Ilna dabbed her feet down, touched rock, and felt the panic in her throat subside. While she could appreciate the irony of escaping all manner of dangers only to drown at the point of safety, that wasn’t the story she wanted to be remembered for.
She bobbed—once, twice, and again—to reach the edge of the pool. She was smiling. I’m not sure I want to be remembered at all; and if I drowned here, there’d be precious little chance of anybody hearing the story anyhow.
Alecto, who could swim and who’d lost the cape, her only remaining garment, in the tunnel, squirmed up onto the shore with the litheness of a cormorant. She’d gripped her dagger in her teeth as she swam; now, ignoring Ilna’s struggle to climb out of the pool, she took the weapon in her hand again as she looked around.
There was plenty of light to see clearly, at least for eyes adapted during the long, dark crawl to reach this place. It was a cave, but it was much larger than the one immediately beyond the temple. Ilna looked up. At some points the curving roof was as high as she could’ve flung a stone.

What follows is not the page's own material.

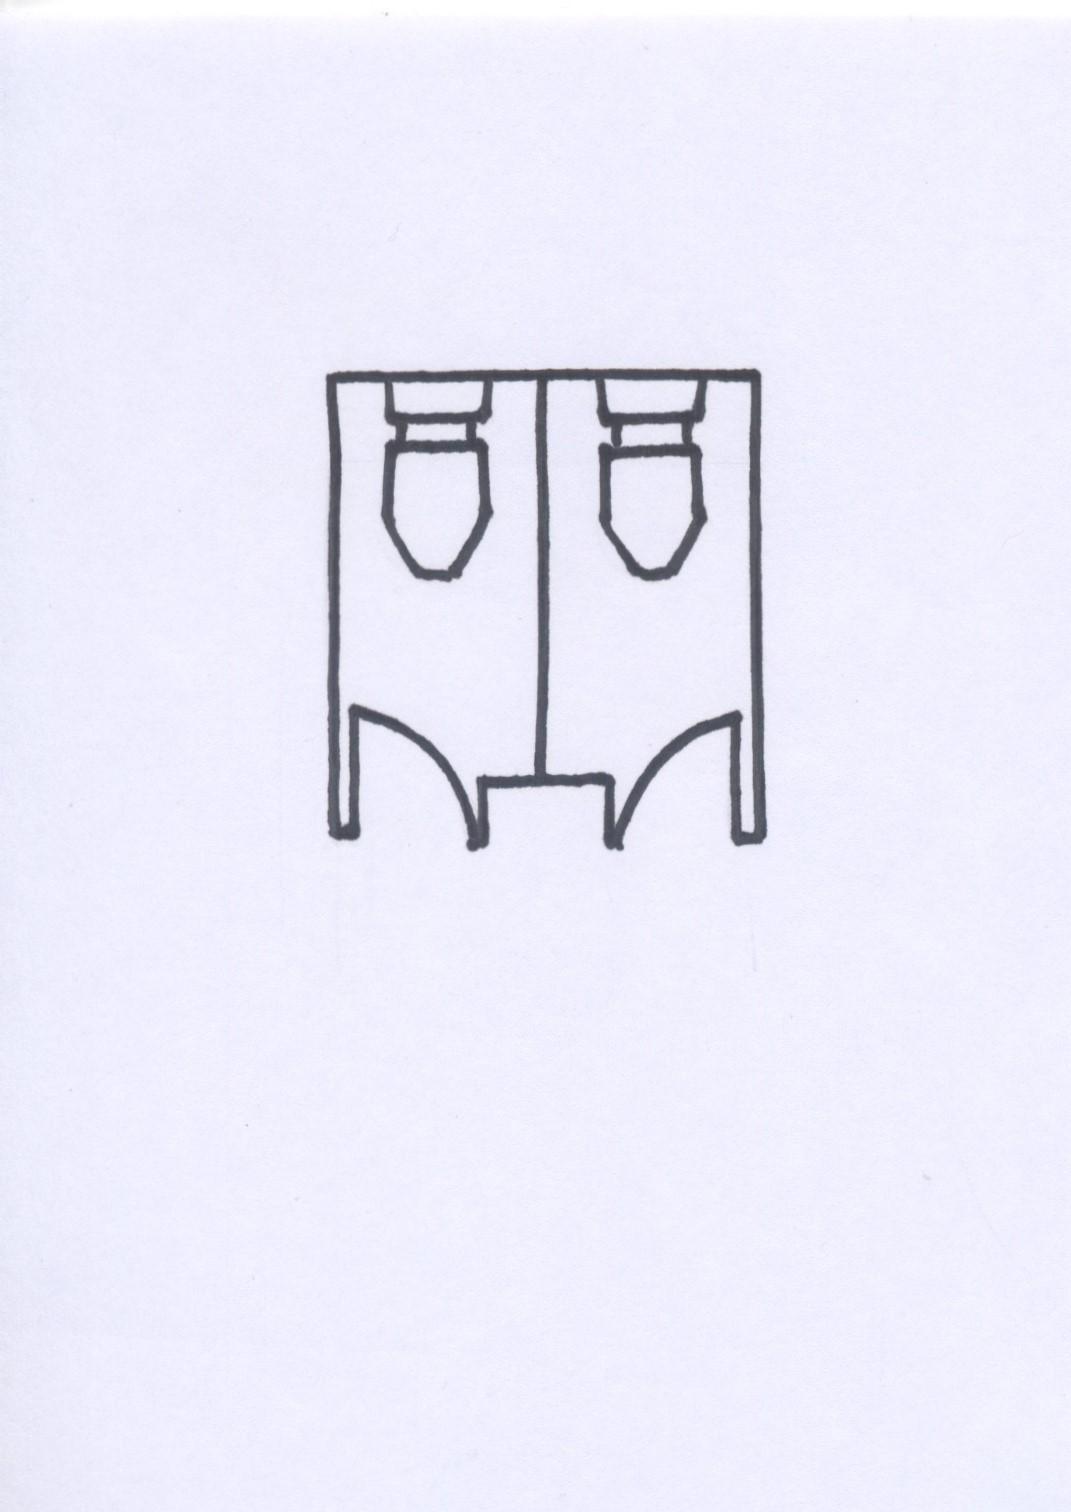 W12-1
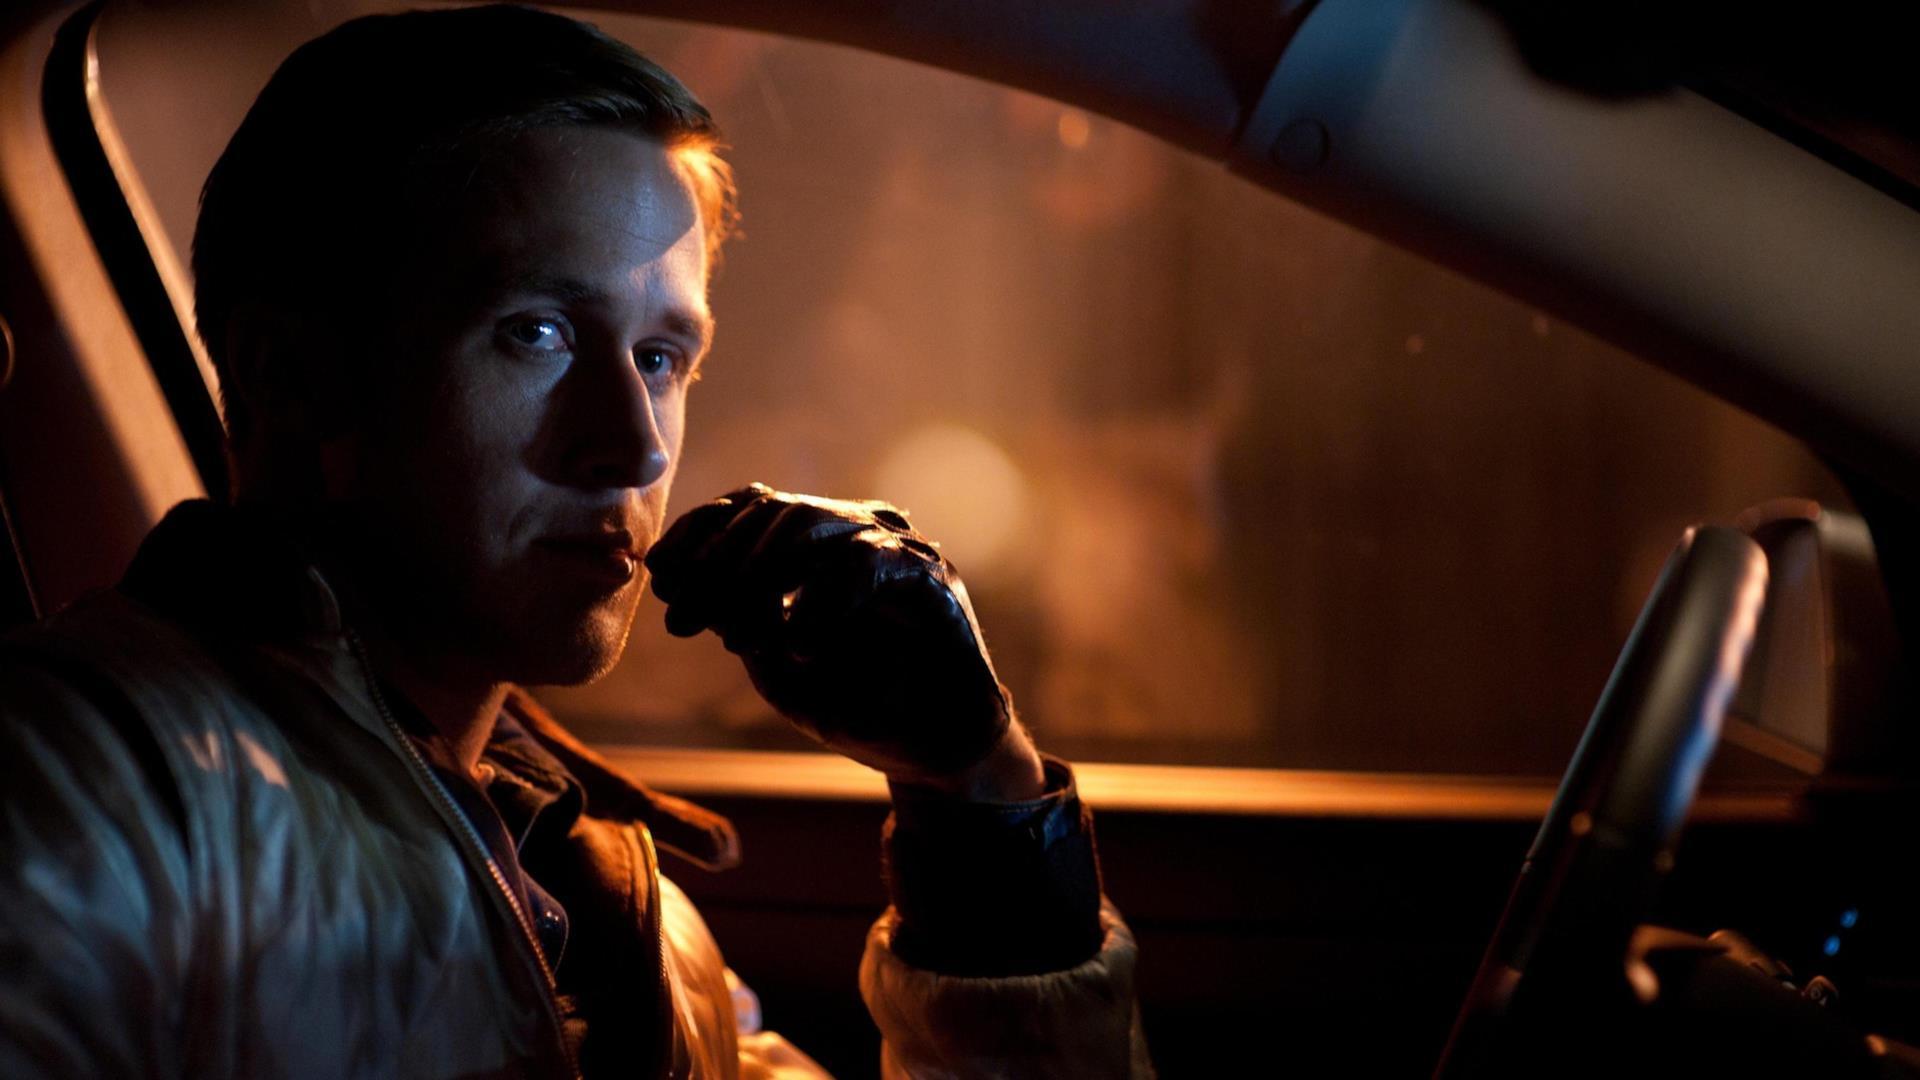 Ryan Gosling interpreta il pilota in Drive (2011)

Mushrooms and lichens covered the cave floor and ran up the walls and ceiling as well. They glowed in muted shades; to Ilna’s trained eye no two were precisely the same hue. The faded yellow of one mushroom lacked the green undertone of the otherwise identical bell sprouting beside it.
“How far back do you suppose this cave goes?” Alecto said, trying to keep concern out of her voice. She tapped a wall with her dagger butt; under a finger-thick coating of fungus, the bronze clacked on stone. “Is there a way out besides the way we came?”
“I have no idea,” Ilna said, keeping her comments to the literal truth. She supposed—as no doubt the wild girl did—that there wasn’t another way out; that there was no way at all now that Alecto’s rockslide had buried the temple along with the rest of the village.
It wouldn’t do any good to state the obvious, though. Besides, while it was superstition to believe the words might create the grim reality, when Ilna was trapped in a rocky tomb, she found herself closer to superstition than she cared to be.